83rd Annual International Conference Proceedings - 1998 

A General Electric Case Study, Web Address:

Abstract. How do you serve millions of customers worldwide, meet demanding stretch goals, manage a supply chain of thousands of suppliers and still deliver year-over-year double digit growth? The answer is to create a company culture to focus on the customer, act boundaryless, work with simplicity and speed. This requires globalization, new products, service quality and innovative information technology. This "case study" presentation describes GE's implementation of a new indirect material purchasing system. GE is developing a process called Integrated Indirect Supply (IIS) to apply sophisticated electronic commerce techniques to the purchase of indirect and MRO materials. IIS will incorporate a company wide intranet, an extranet for supplier communication, integrated use of purchasing cards (with line item detail), and complete "back office" EDI transaction usage. This presentation discusses the architecture of IIS and describes the GE implementation plan.

Background. General Electric is a diverse, integrated, $80 billion dollar global company. Its twelve business units operate in three major areas:

  1. Services (businesses such as GE Capital, NBC, GE Information Services, etc.)
  2. Core Products (such as Transportation Systems, Appliances, Lighting, Industrial and Power Systems, etc.)
  3. Technology (such as Aircraft Engines, Plastics, Medical Systems, etc.).

In late 1991 - early 1992, Jack Welch, CEO of General Electric, conducted a study of the relationship between our selling prices to our material input costs. The results were disturbing! The inflationary excess of the 1980's were seriously eroding the competitiveness of GE. What we found was a profound disconnect between the two. It had been masked by the great efforts we placed in getting our own "Cost of Operations" under control.

The gap was too wide for a normal course of action and therefore we had to establish an aggressive plan of action to correct the situation and improve the way we managed our supply chain.

The entire GE sourcing organization was shaken up to address the challenges.
Launching the Enterprise Sourcing and Payables Initiative (ESP). The top leadership of the company was ready to drive the necessary change to achieve the desired improvements. The Sourcing Initiative delivered millions and millions of dollars worth of savings for the company which enabled the company to develop improved products and services for our customers as well as remaining competitive in the marketplace.

As the company grew, we expanded our focus:

  • With the Sourcing Initiative launch in 1992, Jack Welch embarked on the Six Sigma quality program.
  • All levels of employees are being trained and management compensation packages now reflect an emphasis on quality improvements.
  • In 1996, we continued to focus on internal processes and how information technology will be utilized to improve the competitiveness of the company. Jack Welch named Gary Reiner as the Chief Information Officer in mid-1996. To better serve our customers, Gary is focused on leveraging new technology and explosive growth of the Internet to manage how business will be conducted in the future.
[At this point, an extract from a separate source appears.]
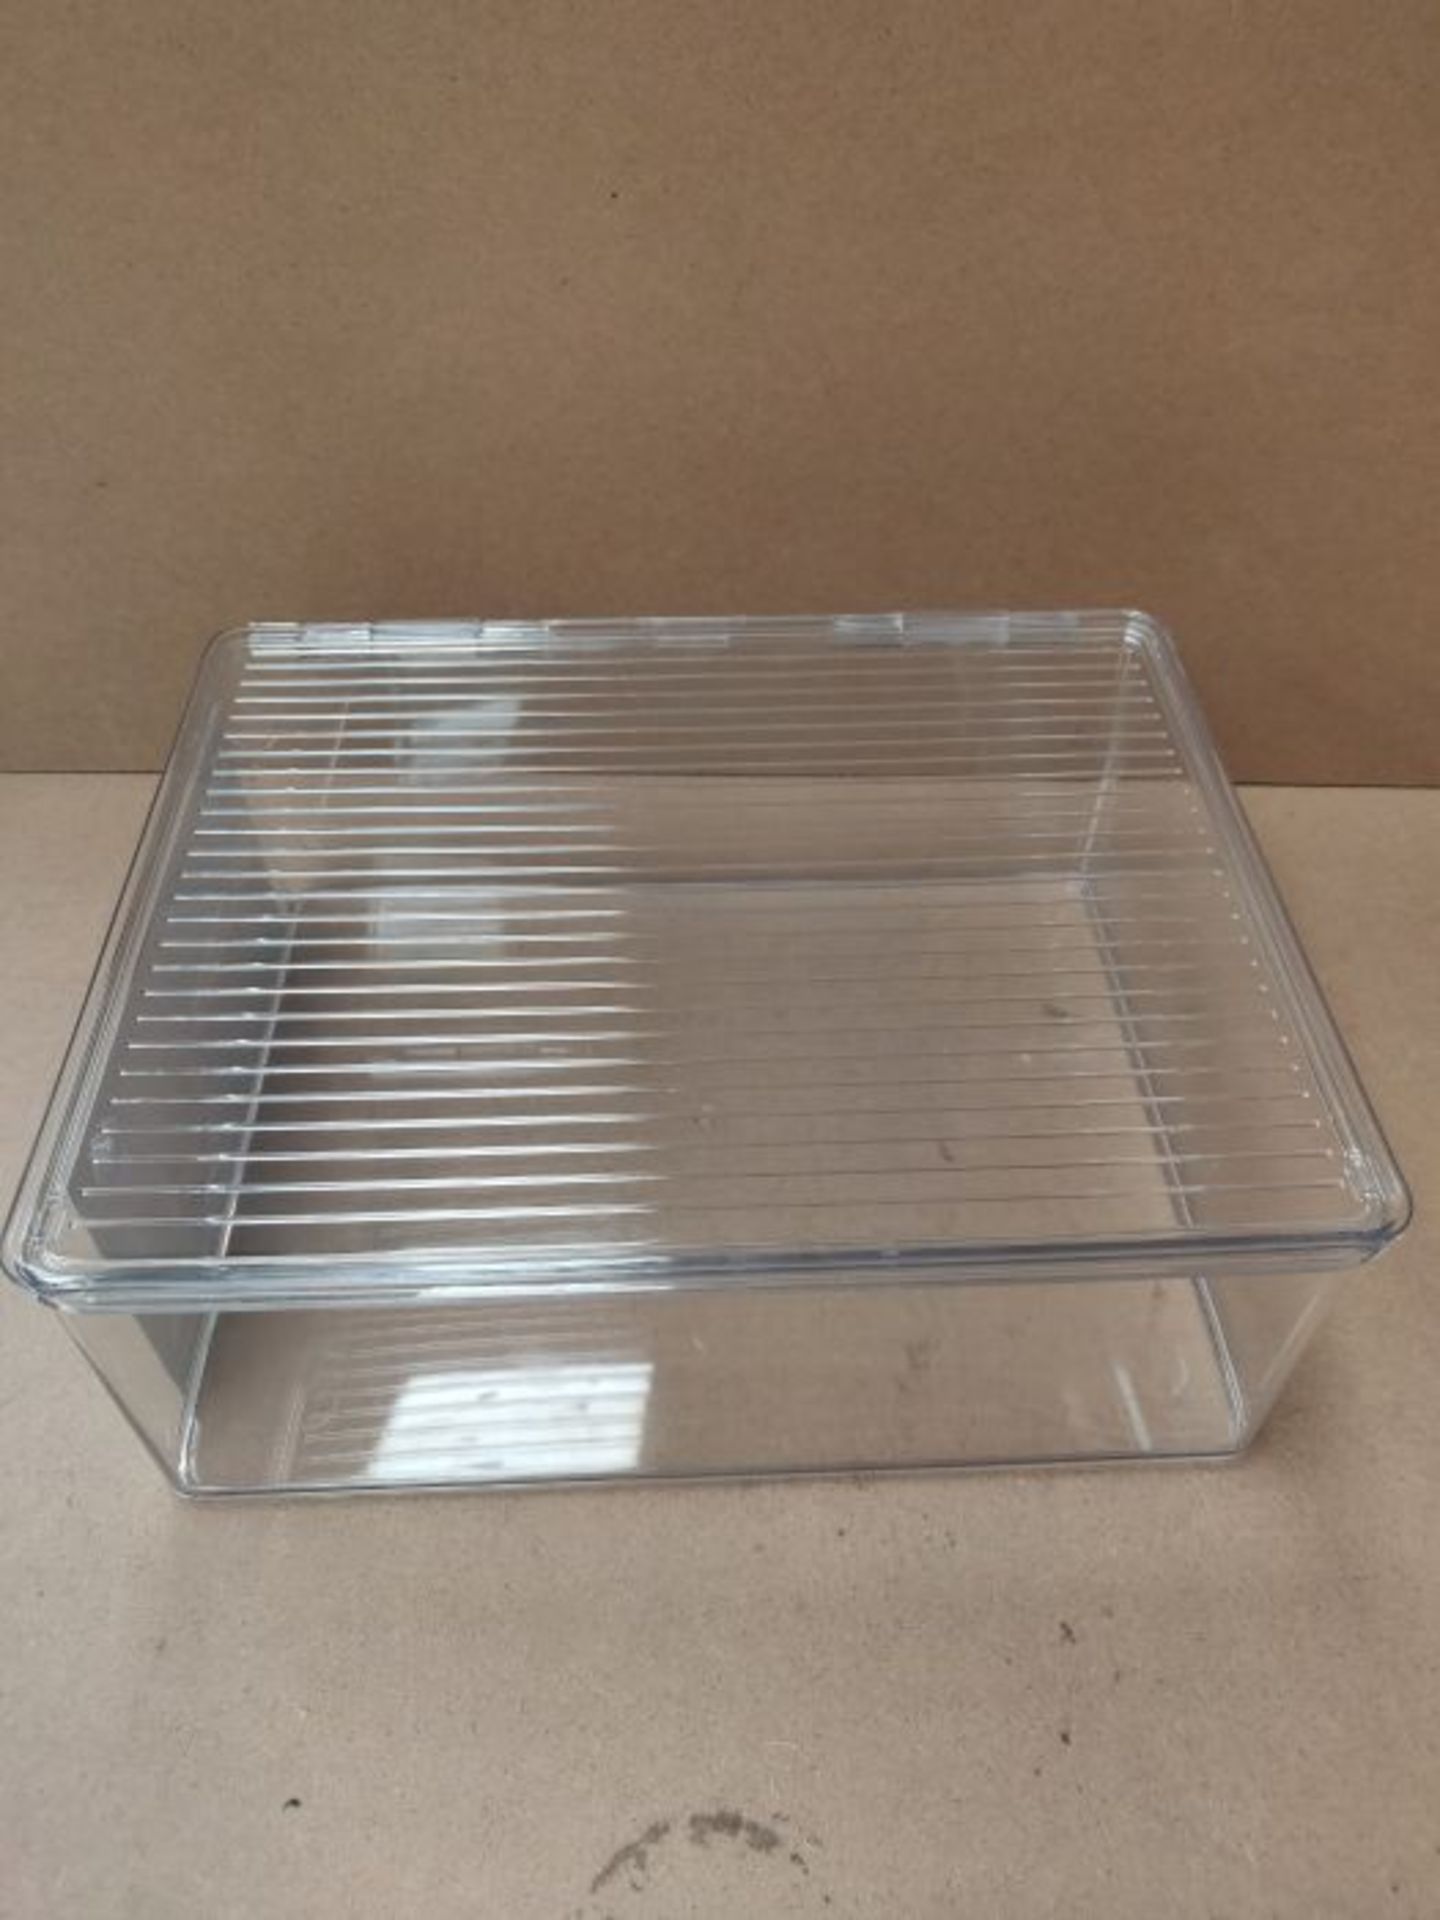 InterDesign 29 x 34 x 12 cm Kitchen Binz Stackable Box, Clear - Image 2 of 2

Sourcing Best Practices and Productivity Tools. A wide range of sourcing "best practices" were develop and improved upon during this time period. The initiative was focused in three key areas:

  1. Strategic Sourcing: looking at negotiations, consolidation, globalization and how we deal with information and the organizations involved.
  2. Process Improvements: here we are looking at our transaction processes, interface processes and our supplier processes.
  3. Product Design Improvements: where the focus is on product cost reduction and new product introduction.

Overall a very successful "external" program which continues today which expands to the focus on quality.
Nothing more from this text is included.